Было невероятно, чтобы Лера, не предупредив, не рассчитывая, что отец встретит ее, поехала с последним поездом, который приходит на полустанок в одиннадцатом часу, уже в полной тьме. Но убежденность Климова, что она все-таки приедет, не может не приехать, упрямо, вопреки очевидности и здравому смыслу, продолжала в нем держаться. Ну и что ж, что поздно, ведь она сумасбродка, может выкинуть и такое. Приедет не одна, с парнем. Кто у нее сейчас – Сергей, Олег? А может, и с целой компанией, она же бросила фразу о пикничке. И вот – такой подходящий повод… Возьмут с собой пару палаток, спальные мешки, хлеб, консервы в рюкзаках, как они ездят с ночевками на Усмановку, Дон. Завтра искупаются в реке, сварят уху, наберут грибов…

Над лесом шумно прокатился ветер, пронес холодом; по смутно белеющему бетону зашлепали первые увесистые капли, разбиваясь в темные пятаки. Климов укрылся в павильончик. Но там продувало. Поднял воротник пиджака, засунул руки в карманы.
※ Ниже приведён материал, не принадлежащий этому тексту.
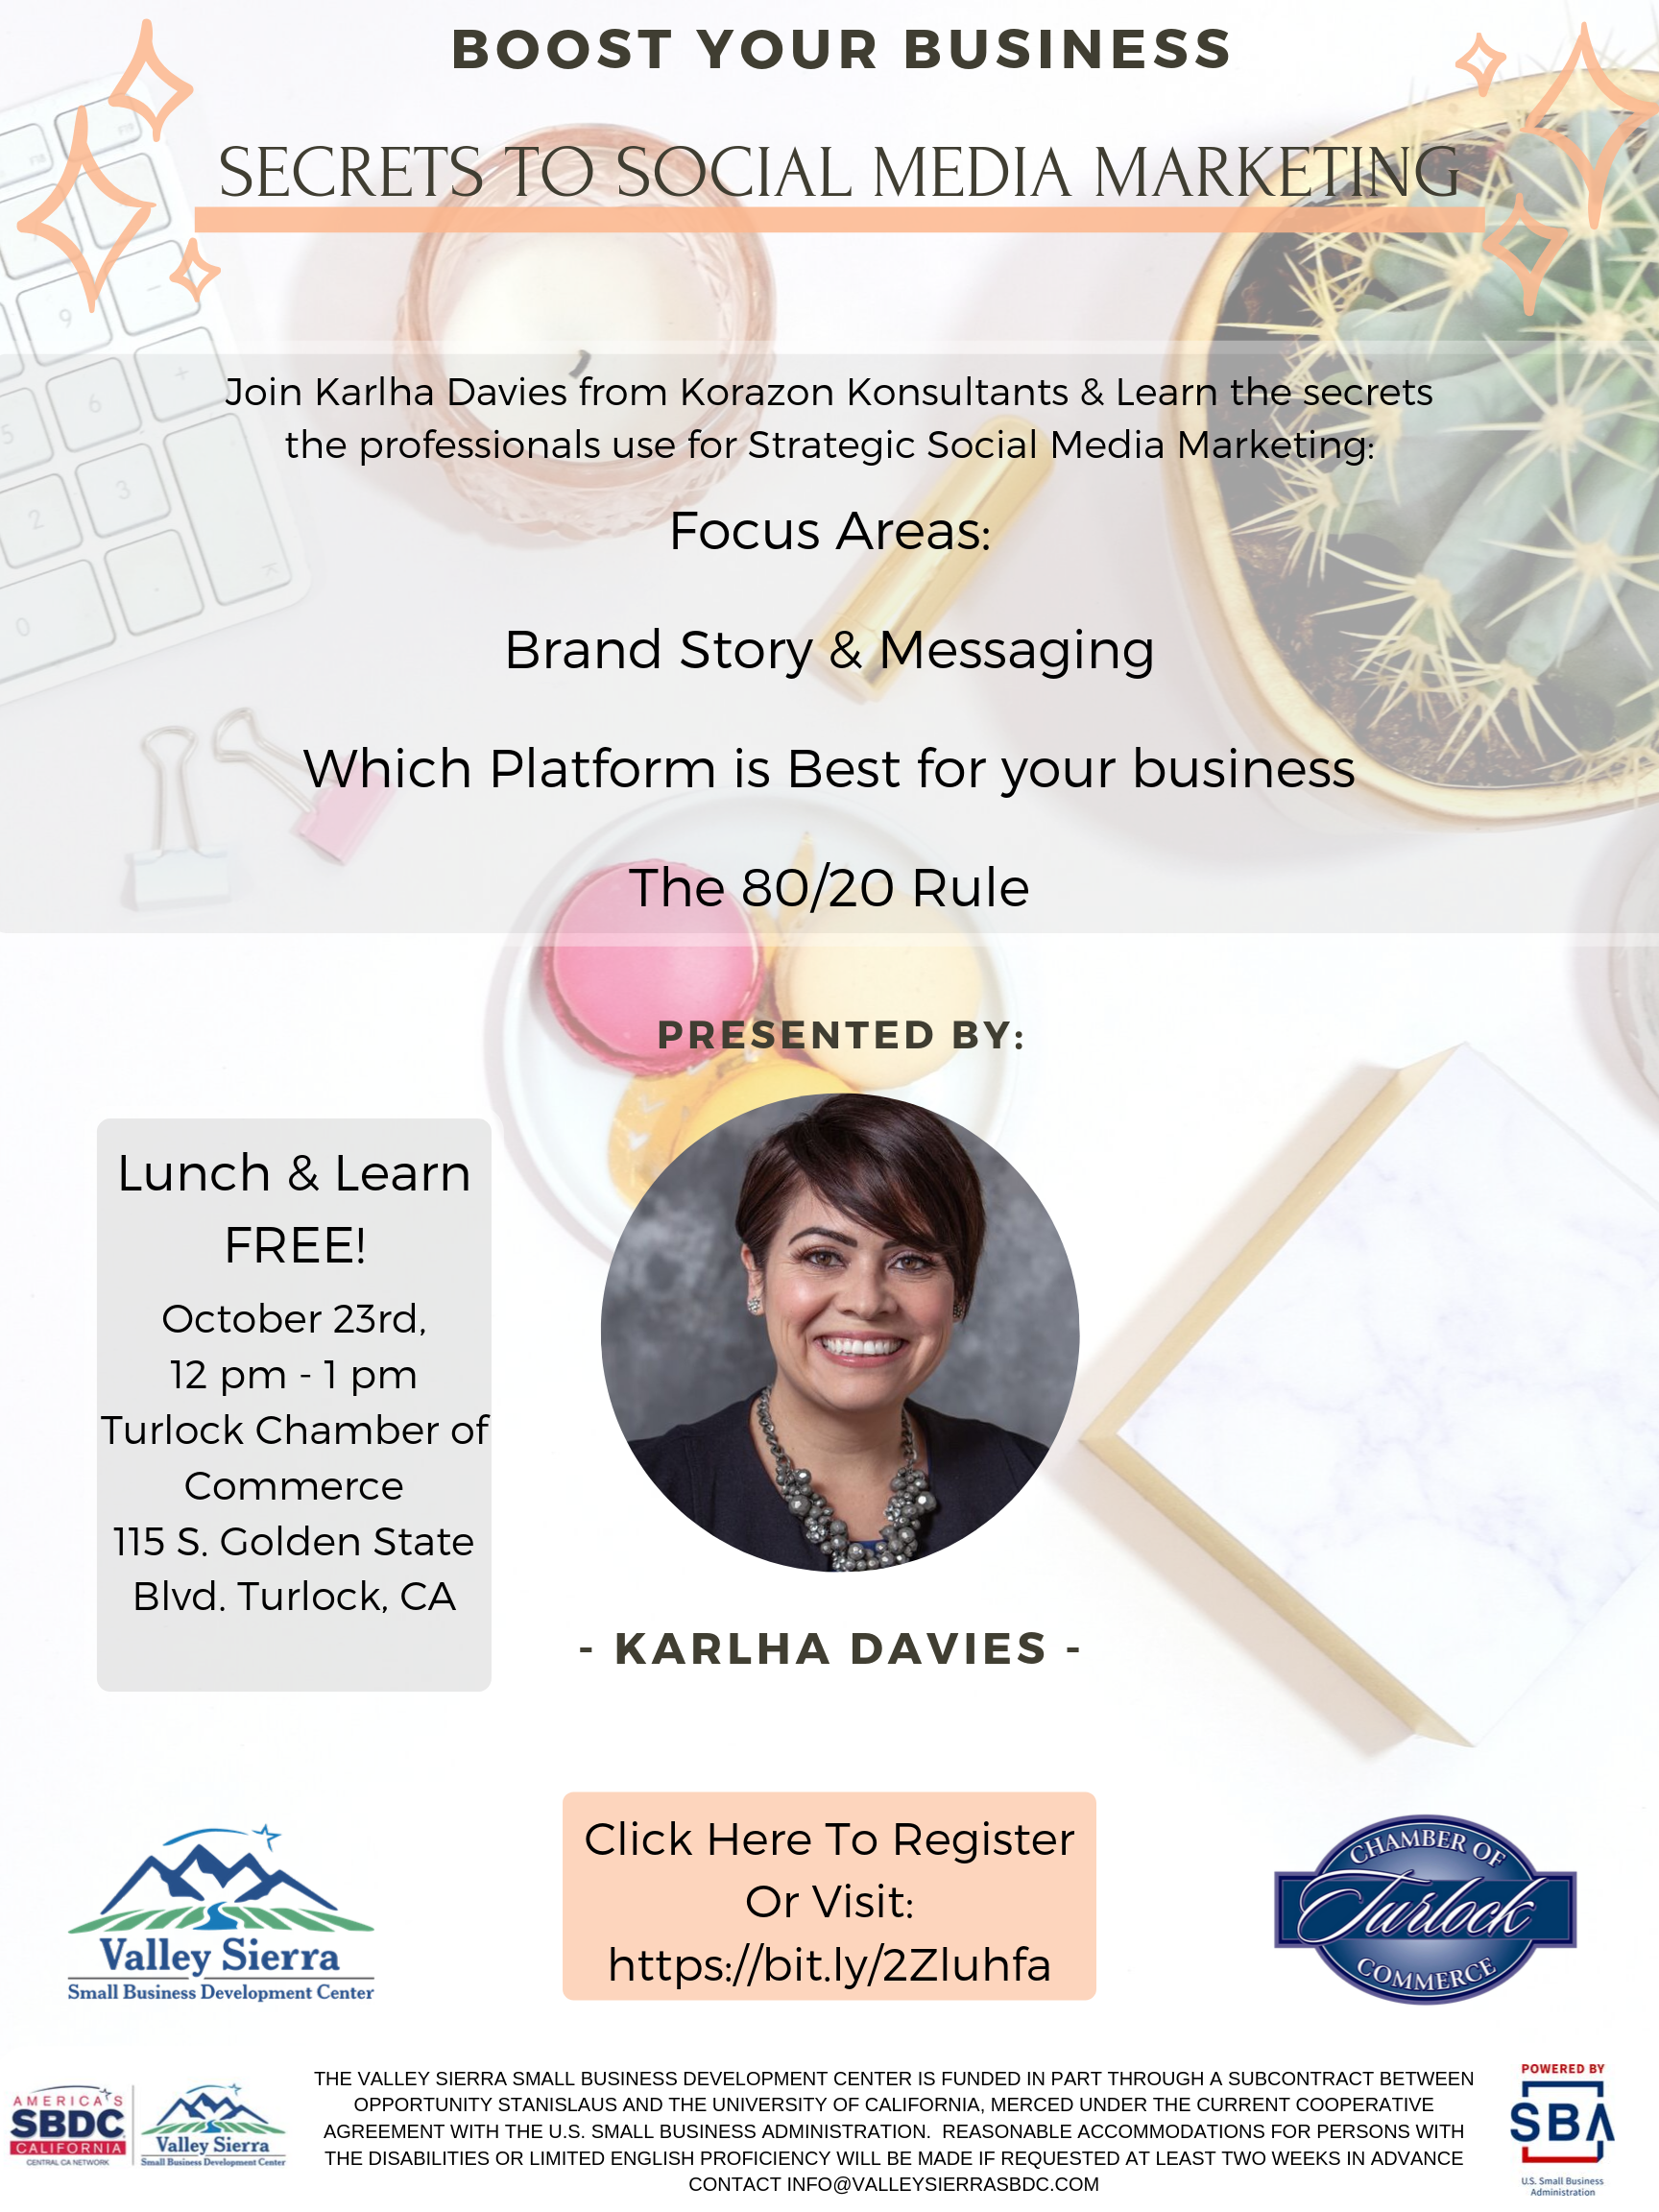 Event Flyer, Lunch & Learn FREE! October 23rd, 12 pm - 1 pm Turlock Chamber of Commerce 115 S. Golden State Blvd. Turlock, CA. Focus Areas: Brand Story & Messaging Which Platform is Best for your business The 80/20 Rule

Эта его вера, что дочь непременно приедет, это его упрямое ожидание ее, всеми напряженными чувствами, нервами, всею своею плотью, были даже не верой, не ожиданием, а его любовью к дочери, поднявшейся сейчас в нем до самого высшего предела. Он всегда любил ее, с самого ее рождения, несмотря на то, что поначалу не хотел, чтоб оно состоялось. Но когда в роддоме ему дали в руки легкий продолговатый сверток стеганого одеяльца и в приоткрытый уголок он увидел в глубине крошечный носик, реснички закрытых век, смешным и трогательным бутончиком сложенные губки сладко спящей крохотули, он в тот же миг забыл свое сопротивление, прежние свои настроения, все в нем круто повернулось на совсем обратный лад. И начался непроходящий, неслабеющий, ежеминутный трепет за это беспомощное, слабенькое существо, уморительного человечка: как бы не случилось беды, не продуло ветром, не пристала болезнь, не ушиблась бы кроха, ползая, вставая на свои шаткие ножки В четырех-пятилетнем возрасте, когда у Леры прорезывался умишко, у него с ней была особо тесная дружба. Валентине – тогда она для него и для всех была еще без отчества – быстро надоели пеленки, кормления, купания, одевания и раздевания, ночные плачи Леры, когда неизвестно, отчего она плачет, где у нее болит, и потому казавшиеся просто пустой капризностью. Затем, когда Лера подросла, Валентину стали злить в ней проявления своей воли, своих желаний, несогласий с матерью, неавтоматическая послушность. А потом к этому добавились, как у всех научившихся говорить детей, неумолчная болтливость, бесконечные расспросы, при которых надо растолковывать чуть не каждое слово («Какие это цветочки? – Ромашка. – А почему ромашка? – Так назвали. – А кто назвал? – Люди. – Какие люди? – Неизвестные. Давно. – Как давно? – В древние времена. – А что это – древние?»). На это у Валентины уже совсем не хватало терпения, она могла грубо оборвать девочку, накричать на нее.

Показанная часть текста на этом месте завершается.